Nov. 7 (Bloomberg) -- U.S. Senator Richard Durbin said Democrats overwhelmingly support increasing the federal minimum wage to about $10 an hour, higher than the rate proposed by President Barack Obama.
Durbin, the No. 2 Democrat in the Senate, said legislation that would raise the wage probably can’t pass in the Republican-controlled House, where Speaker John Boehner has vowed to block such efforts.
“It’s going to that same room, that little dark room, where Boehner puts all of the bipartisan measures out of the Senate,” Durbin of Illinois told reporters today after a meeting of Senate Democrats. In a politically divided Congress, the House and Senate have refused to take up certain measures approved in the opposite chamber.
Obama has urged Congress to set the federal minimum wage at $9 an hour, up from $7.25 in effect since 2009. During a meeting at the Capitol today, Durbin said it was suggested Obama “would be very supportive of 10” dollars.

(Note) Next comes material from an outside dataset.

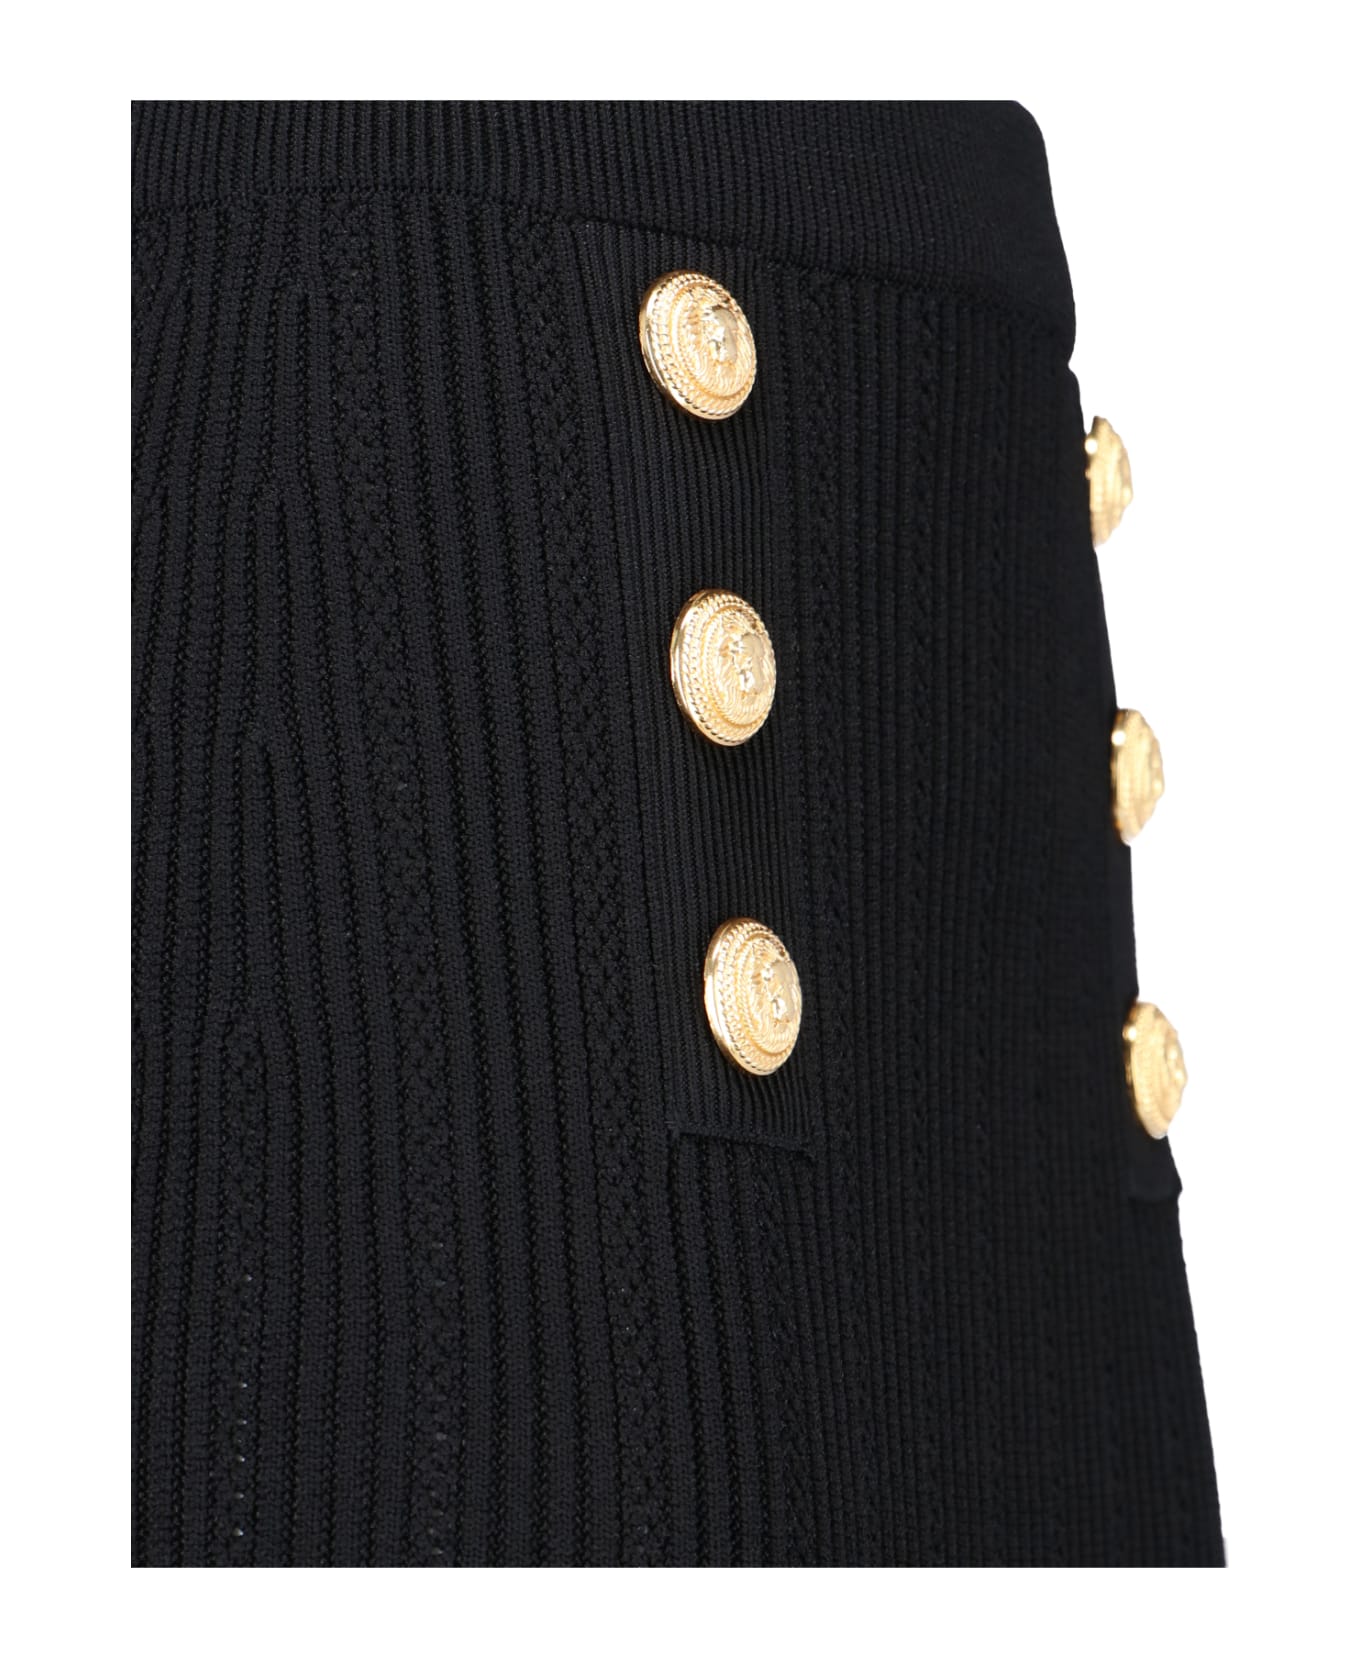 Balmain Buttoned Knit Midi Skirt - Black

Democrats at the meeting heard from Jason Furman, Obama’s economic adviser; Larry Mishel, president of the Economic Policy Institute; John Arensmeyer, chief executive officer of the Small Business Majority; and Adam Looney, a senior fellow at the Brookings Institution in Washington, Durbin said.
Raising the minimum wage is “an important economic issue” that sends “a message to working families struggling paycheck to paycheck that we can help them,” Durbin said.